One of the reasons I find the latest trends in datacenter architectures so interesting is the innovative approaches used to address deficiencies associated with more traditional arrangements. These innovations have been able to drive more of what almost everyone needs; better storage performance and better scalability.

The caveat to some of these newer arrangements is that it can put heavy stress on the plumbing that connects these servers. Distributed storage technologies like VMware VSAN, or clustered write buffering techniques used by PernixData FVP and Atlantis Computing’s USX leverage these interconnects to accelerate storage traffic. Turn-key Hyperconverged solutions do too, but they enjoy the luxury of having full control over the hardware used. Some of these software based solutions might need some retrofitting of an environment to run optimally or meet their requirements (read: 10GbE or better). The desire for the fastest interconnect possible between hosts doesn’t always align with budget or technical constraints, so it makes most sense to first see what impact there really is.

I wanted to test the impact better bandwidth would have between servers a bit more, but do to constraints in my production environment, I needed to rely on my home lab. As much as I wanted to throw 10GbE NICs in my home lab, the price points were too high. I had to do it another way. Enter InfiniBand. I’m certainly not the only one to try InfiniBand in a home lab, but I wanted to focus on two elements that are critical to the effectiveness of replica traffic. The overall bandwidth of the pipe, and equally important, the latency. While I couldn’t simulate an exact workload that I see in my production environment, I could certainly take smaller snippets of I/O patterns that I see, and model them the best I can.

InfiniBand is really interesting. As Joeb Jackson put it in a NetworkWorld.com article, "InfiniBand is architecturally sacrilegious" as it combines many layers of the OSI model. The results can be stunning. Transport latencies in the 2 microsecond neighborhood, and a healthy roadmap to 200Gbps and beyond. It’s sort of like the ’66 AC Shelby Cobra of data transports. Simple, and perhaps a little rough around the edges, but brutally fast. While it doesn’t have the ubiquity of RJ/Ethernet, it also doesn’t have the latencies that are still a part of those faster forms of Ethernet.
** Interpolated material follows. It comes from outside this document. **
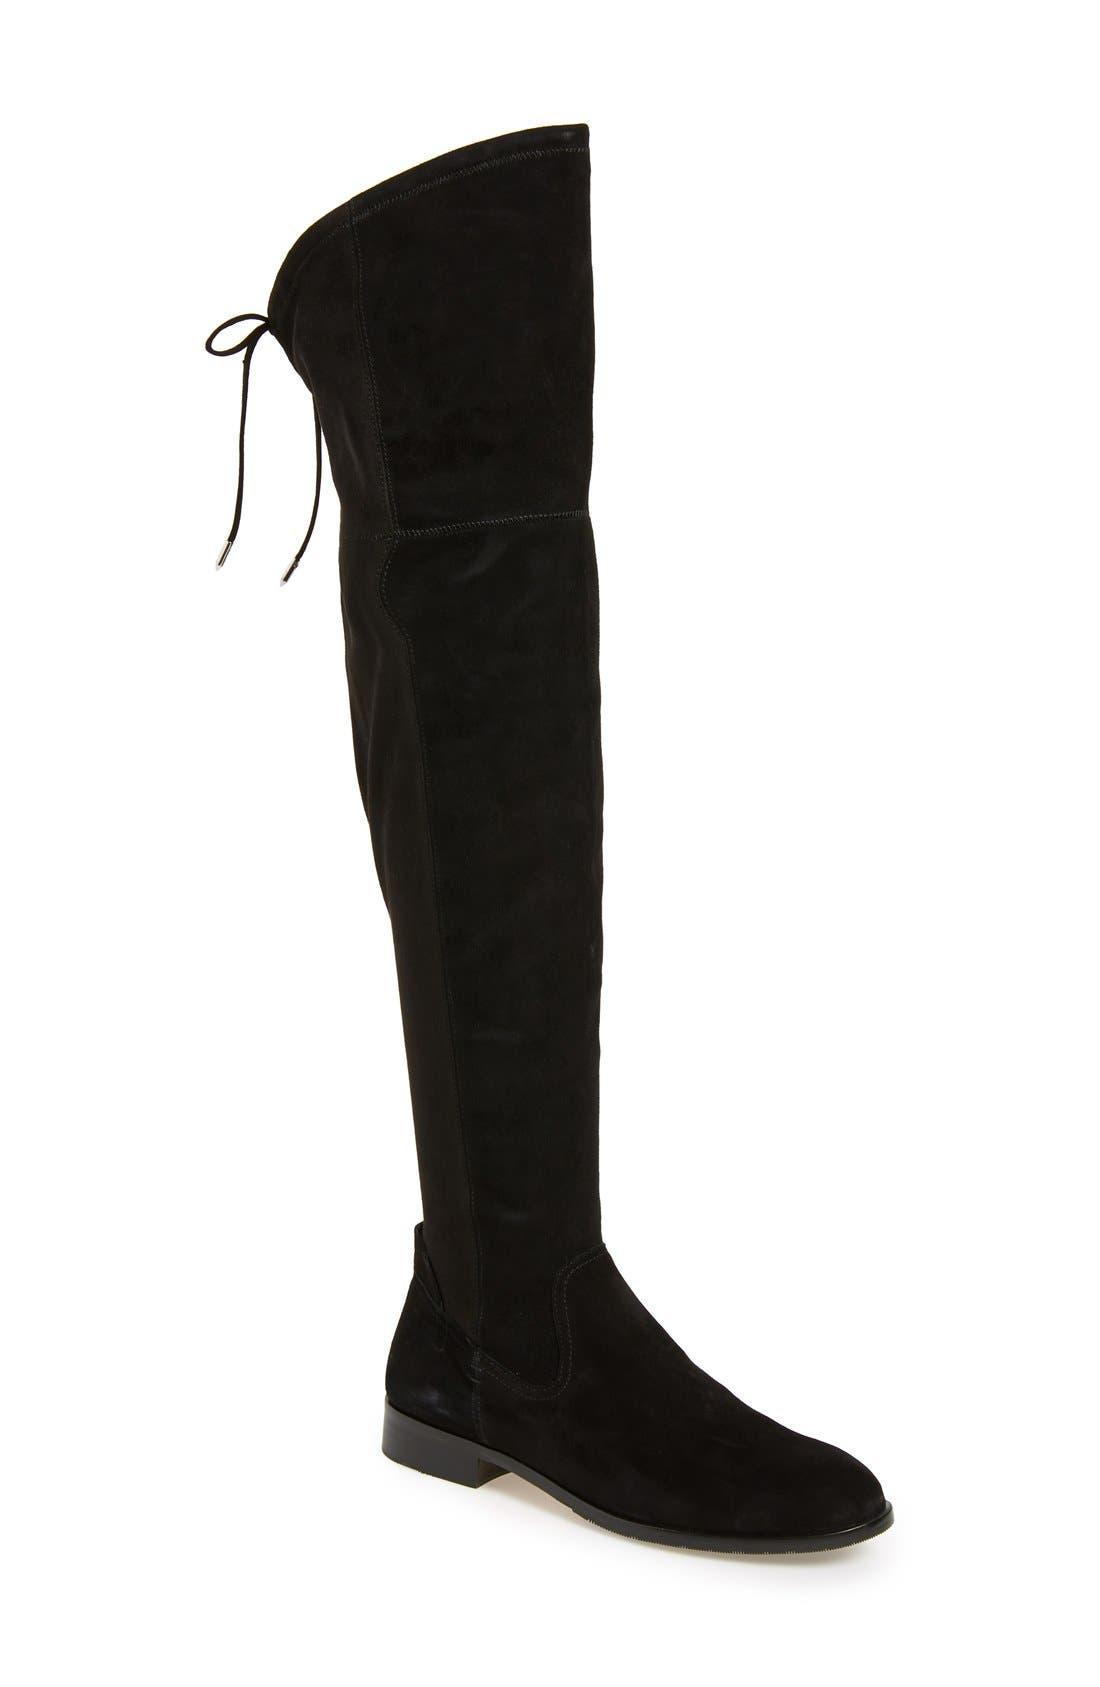 Alternate Image 1 Selected - Dolce Vita 'Neely' Over the Knee Boot (Women)
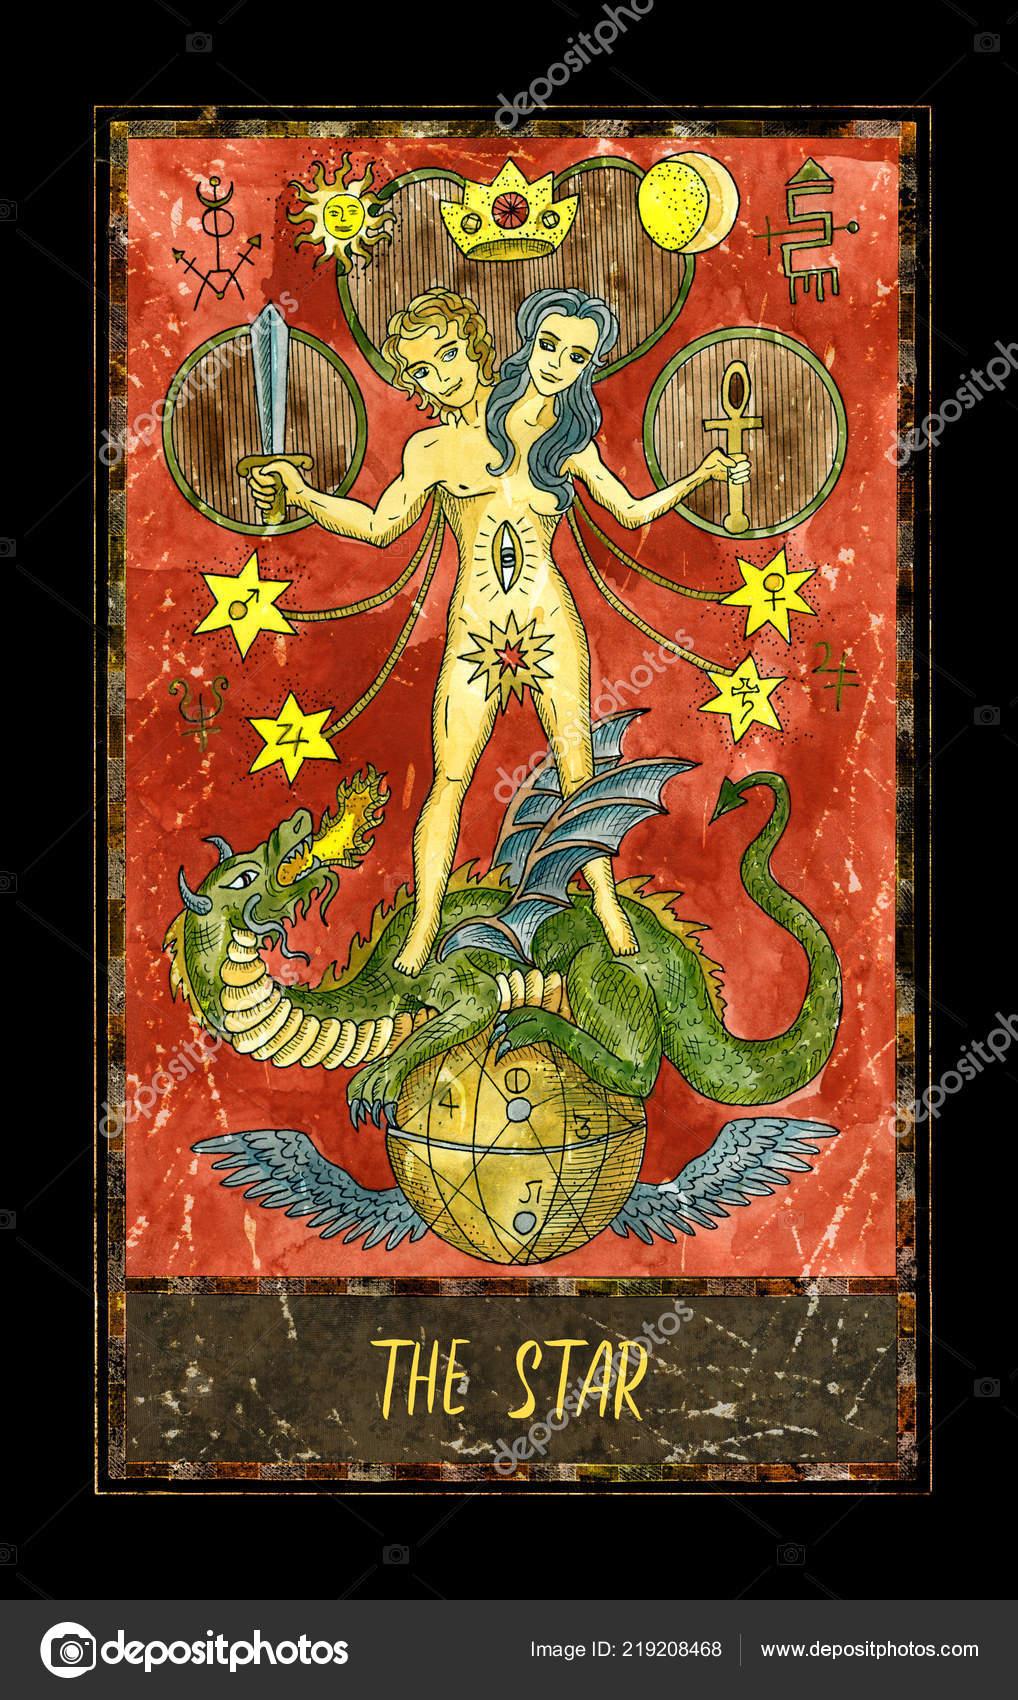 Star Major Arcana Tarot Card Magic Gate Deck Fantasy Graphic

At the time of this writing, the InfiniBand drivers for ESXi 5.5 weren’t quite ready for VSAN testing yet, so the focus of this testing is to see how InfiniBand behaves when used in a PernixData FVP deployment. I hope to publish a VSAN edition in the future. I simply wanted to better understand if (and how much) a faster connection would improve the transmission of replica traffic when using FVP in WB+1 mode (local flash, and 1 peer). My production environment is very write intensive, and uses 1GbE for the interconnects. Any insight gained here will help in my design and purchasing roadmap for my production environment.

Testing:
Testing occurred on a two host cluster backed by a Synology DS1512+. Local flash leveraged SATA III based EMLC SSD drives using an onboard controller. 1GbE interconnects traversed a Cisco SG300-20 using a 1500 byte MTU size. For InfiniBand, each host used a Mellanox MT25418 DDR 2 port HCA that offered 10Gb per connection. They were directly connected to each other, and used a 2044 byte MTU size. InfiniBand can be set to 4092 bytes but for compatibility reasons under ESXi 5.5, 2044 is the desired size.

I tend to prefer testing that relies on observational patterns versus one final, empirical number. These tests were no different, and while they attempt to simulate a very brief snippet of a workload in my production environment, I find that I still gain a much better understanding from a time based performance graph than an insulated final number.

The test case was a simple one, but would be enough to illustrate the differences I was hoping to see. The test comprised of a 2vCPU VM using 2 workers on a 100% write, 100% random workload lasting for 1 minute. The test was run three times. First with WB+0 (no peer/replica traffic), then WB+1 (one peer) using a 1GbE connection, and finally WB+1 over a single 10Gb InfiniBand connection. Each screen capture I provide will show them in that order. That test case was repeated 3 times. First with 256KB I/O sizes, followed by 32KB, then onto 4KB. I ran the tests several times in different order to ensure I wasn’t introducing inflated or deflated performance due to previous tests or caching. All were repeated several times to flush out any anomalies.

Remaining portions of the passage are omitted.